IMD supports a large variety of different (mostly short range) effective potentials. Some of these potentials are defined by tabulated functions read from a potential file, others are defined analytically by parameters read from the parameter file. The potentials supported include central pair potentials, Embedded Atom Method (EAM) potentials for metals, Modified EAM (MEAM) potentials, different covalent potentials, notably Tersoff, Stillinger-Weber (analytic and tabulated), Zhou-Wadley (analytic and tabulated), and Keating potentials, Coulomb and shell model potentials for ionic solids, and Gay-Berne potentials for nematic liquid crystals.

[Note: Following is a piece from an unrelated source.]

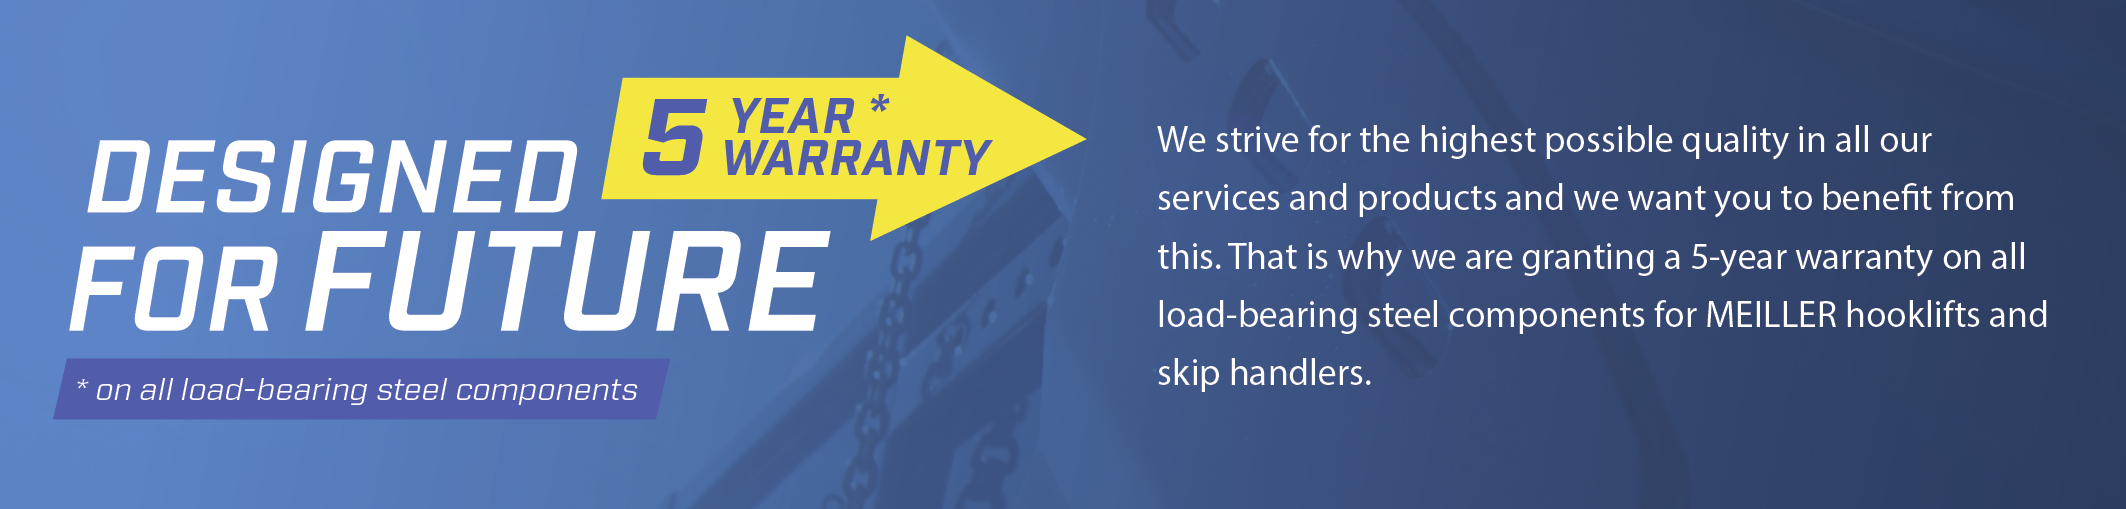 We strive for the highest possible quality in all our services and products and we want you to benefit from this. That is why we are granting a 5-year warranty on all load-bearing steel components for MEILLER hooklifts and skip loaders.

Since the computation of the forces is the most time-critical part of a molecular dynamics simulation, support for each type of interaction has to be enabled explicitly by a compilation option. If no interaction type is specified, central pair potentials are assumed by default. Different interaction types can be combined with each other, by enabling more than one type of interaction. Their contributions are then just added. This is still somewhat experimental, and there are some restrictions. Here are some guidelines:

  • At most one of the covalent potentials (including MEAM, which is algorithmically similar) can be used at a time.
  • Central pair potentials, EAM potentials, and one of Tersoff or Stillinger-Weber potentials (tabulated or analytic) can be combined with each other. The central pair potential part contained in these interactions is shared.
  • The option pair can be used to enable a (short range) pair potential part together with Coulomb potentials. The same option is also used to enable the harmonic potential used for the shell model in combination with Coulomb interactions.
  • Coulomb potentials can be combined with almost everything else, whether or not this makes sense.
  • Keating and Gay-Berne potentials cannot be combined with anything else.
  • On vector machines, add the option "lj" for computed Lennard-Jones interactions.